§ Recorded information:
════════
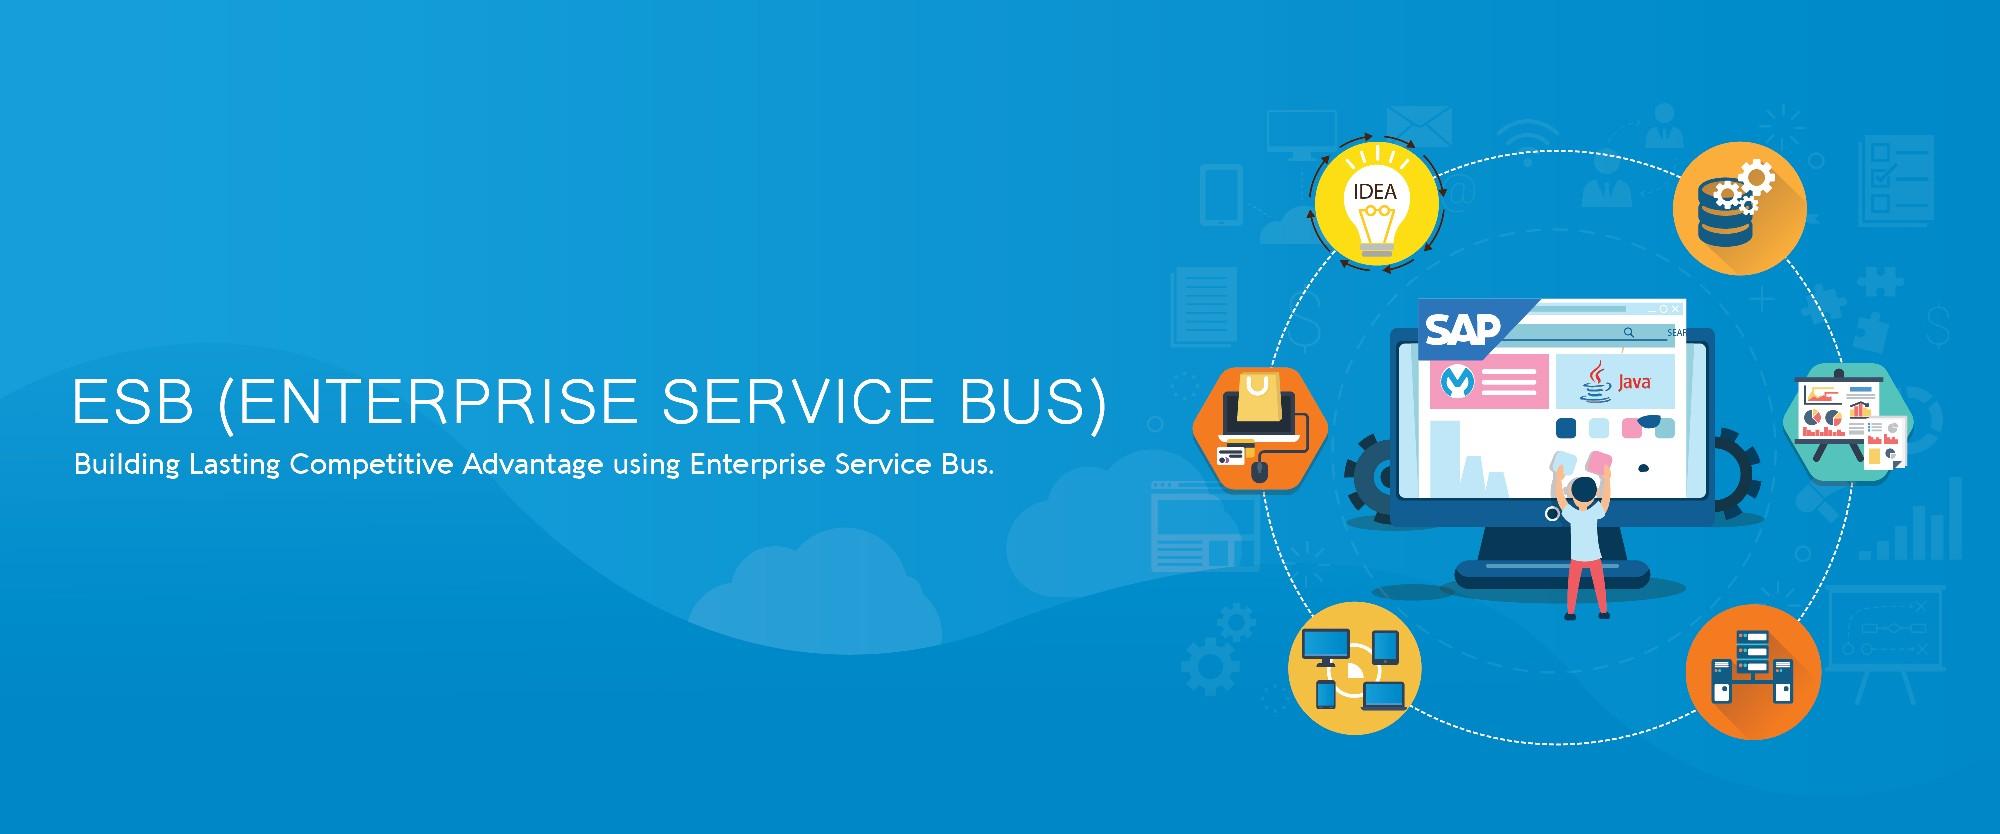 2.ESB (Enterprise Service Bus)-01
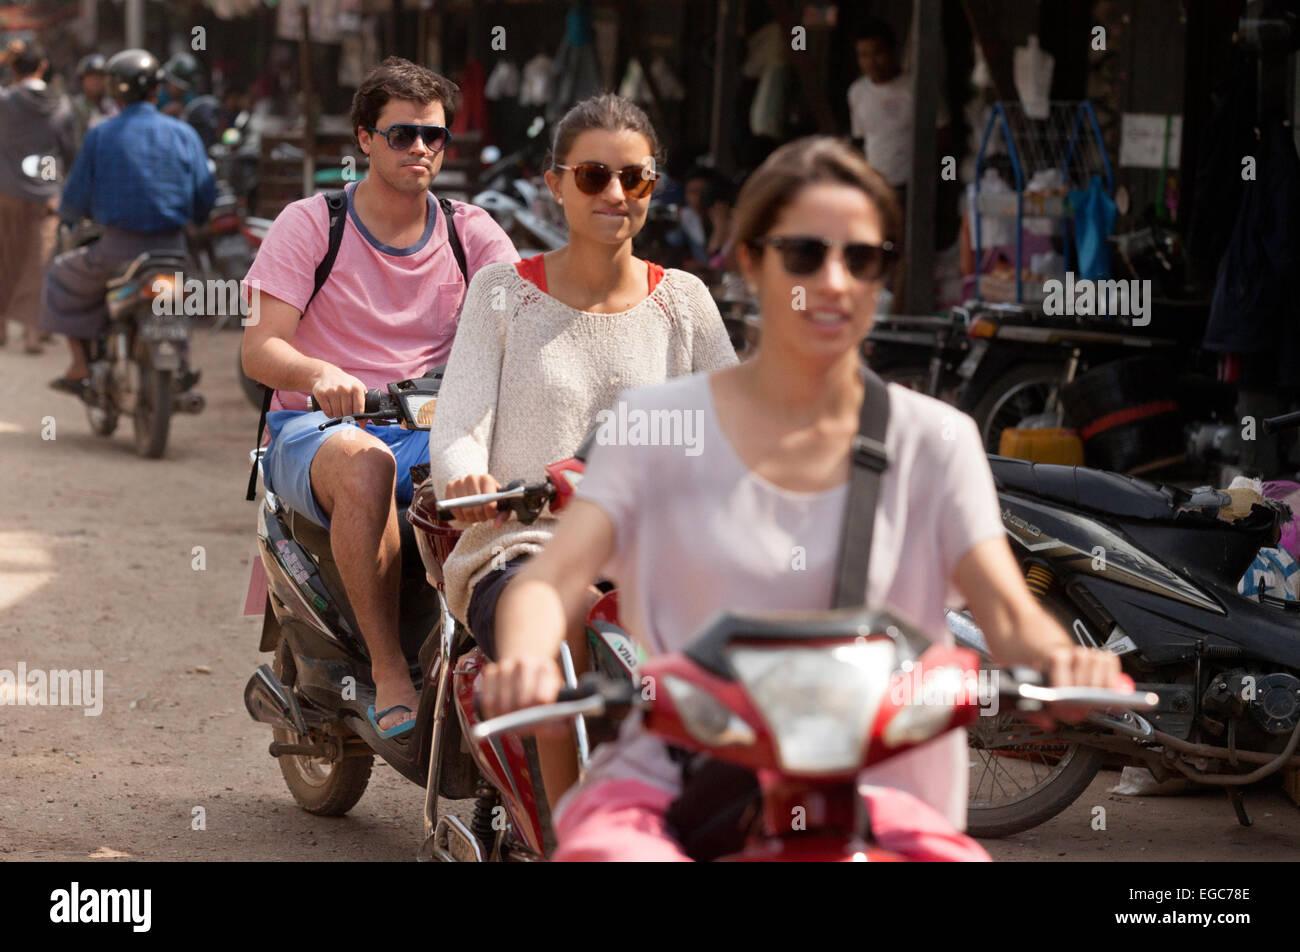 Three western tourists riding motorbikes, Bagan, Myanmar ( burma ), Asia - Stock Image
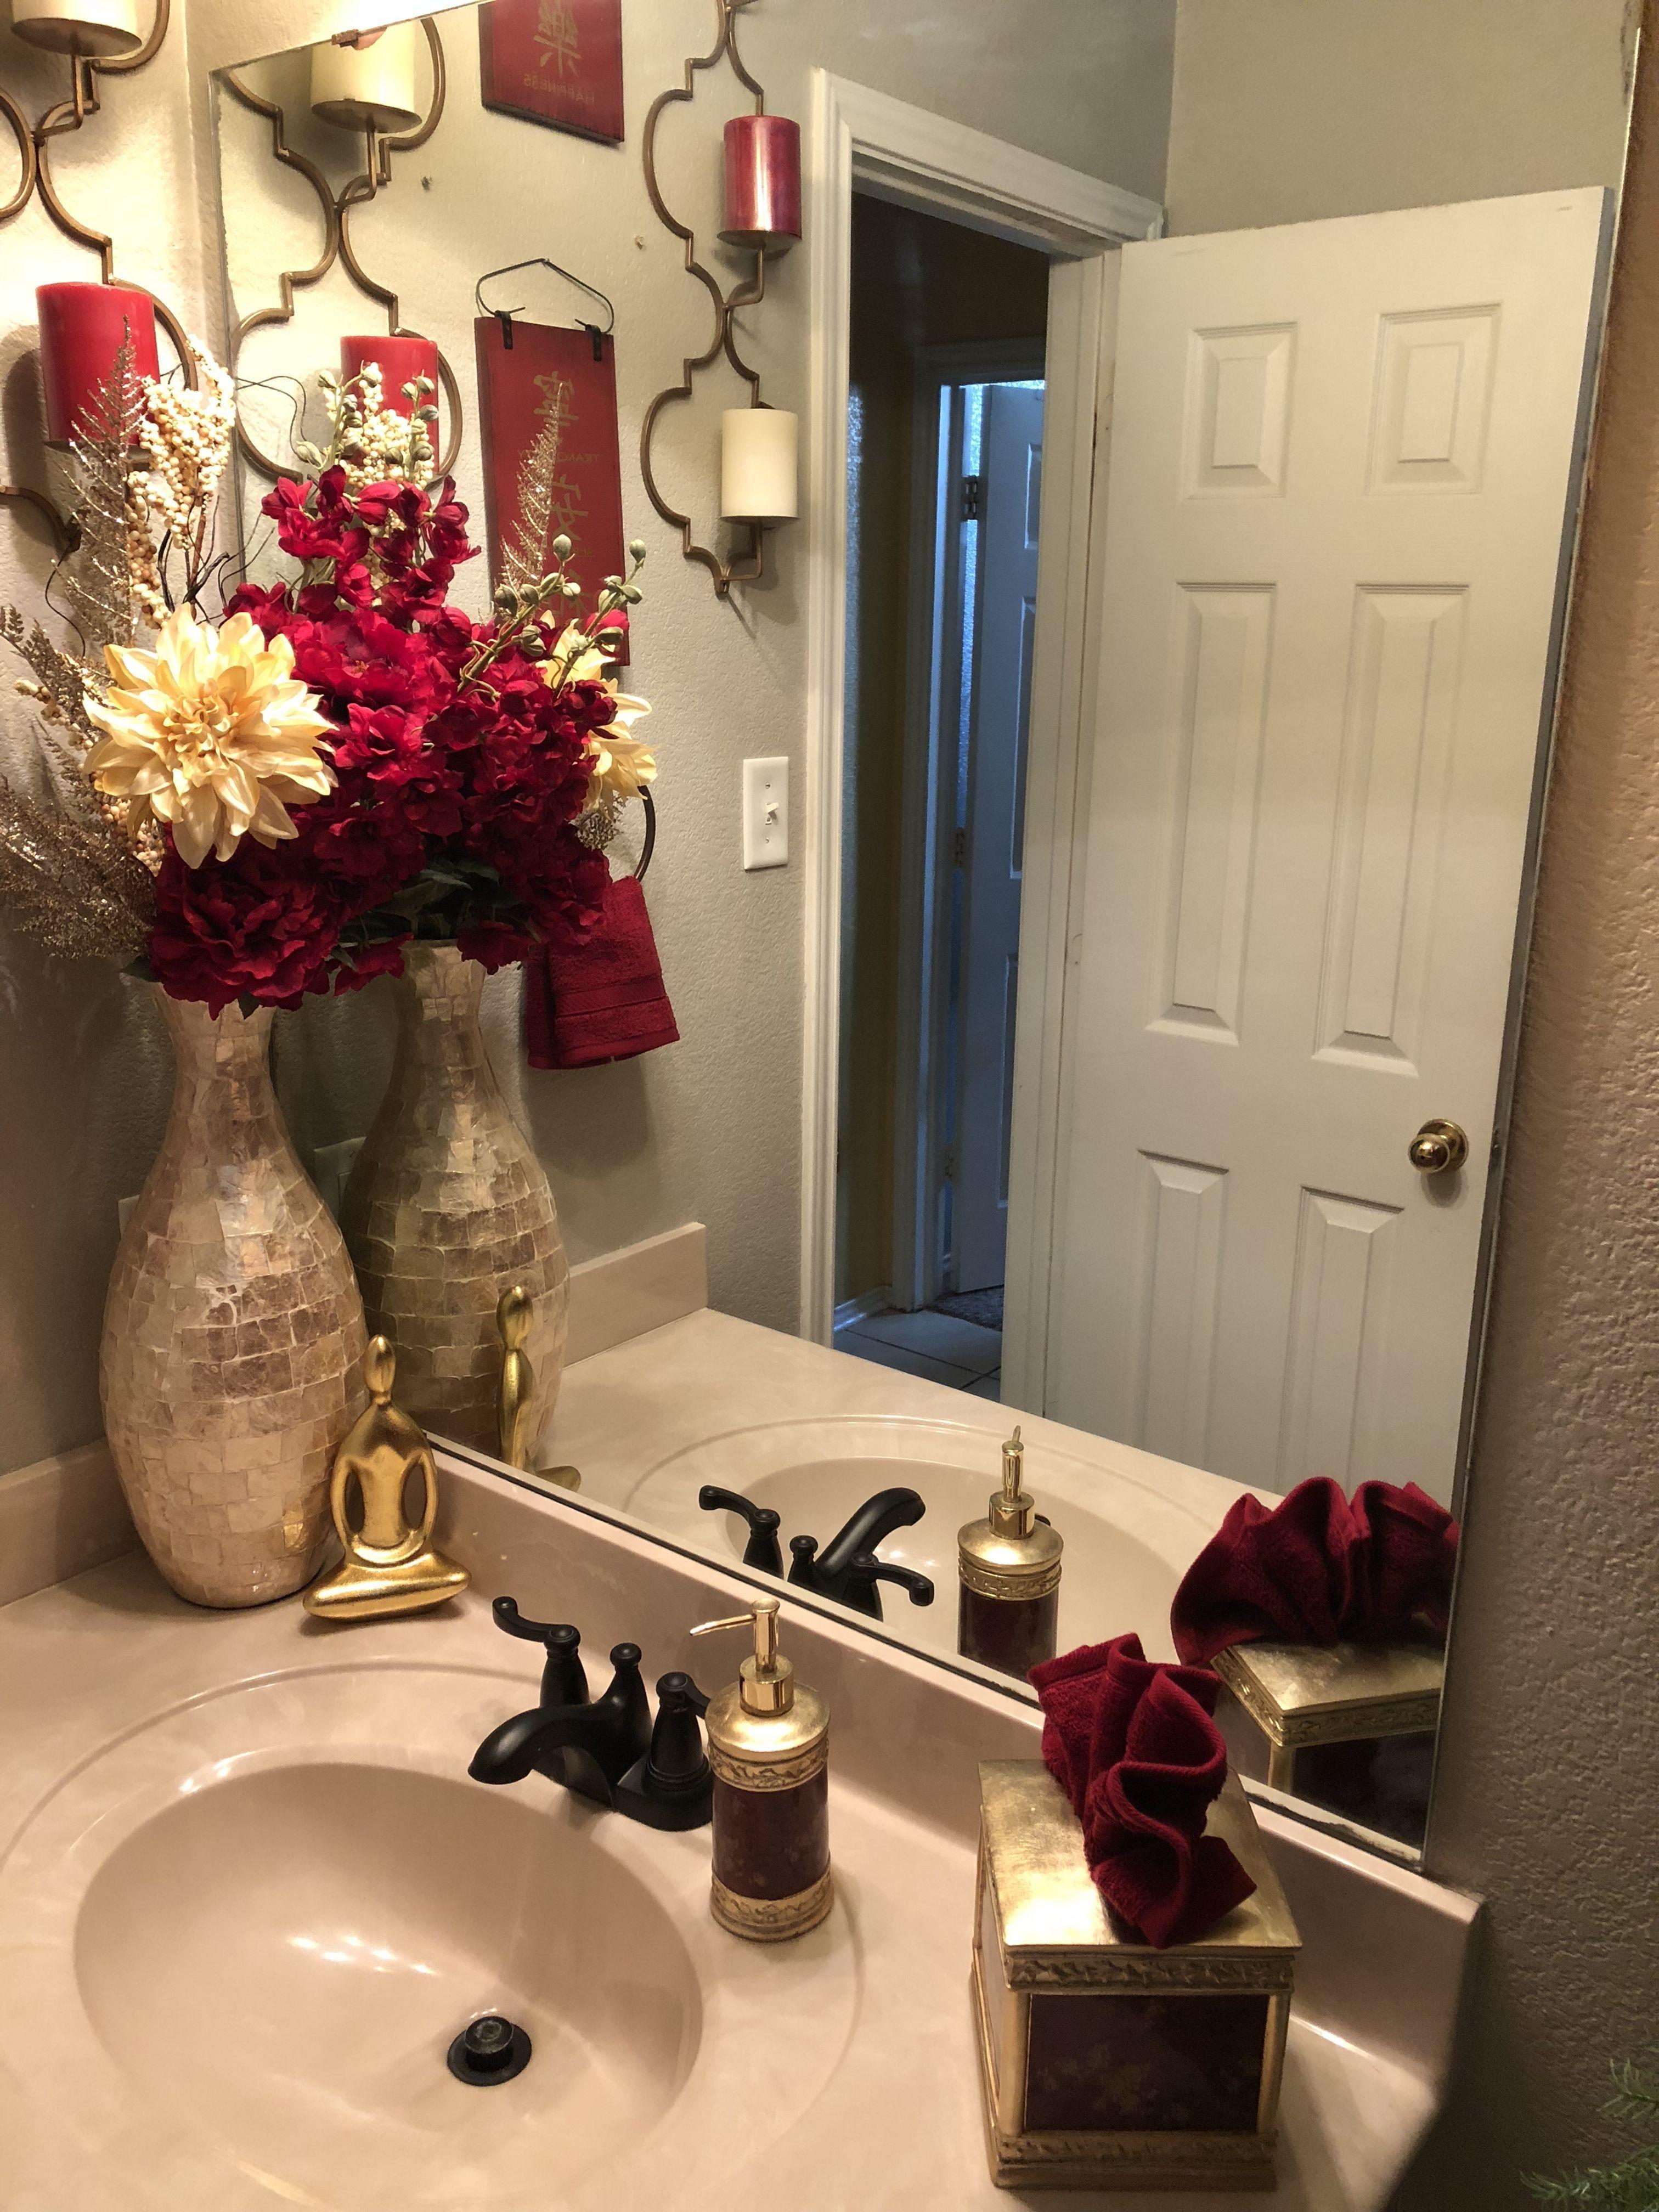 50 Amazing Christmas Bathroom Decorations That Will Amaze You Teracee Red Bathroom Decor Christmas Bathroom Decor Restroom Decor
════════
An exact copy of every line above, minus the pictures, is the required output.

 2.ESB (Enterprise Service Bus)-01
 Three western tourists riding motorbikes, Bagan, Myanmar ( burma ), Asia - Stock Image
 50 Amazing Christmas Bathroom Decorations That Will Amaze You Teracee Red Bathroom Decor Christmas Bathroom Decor Restroom Decor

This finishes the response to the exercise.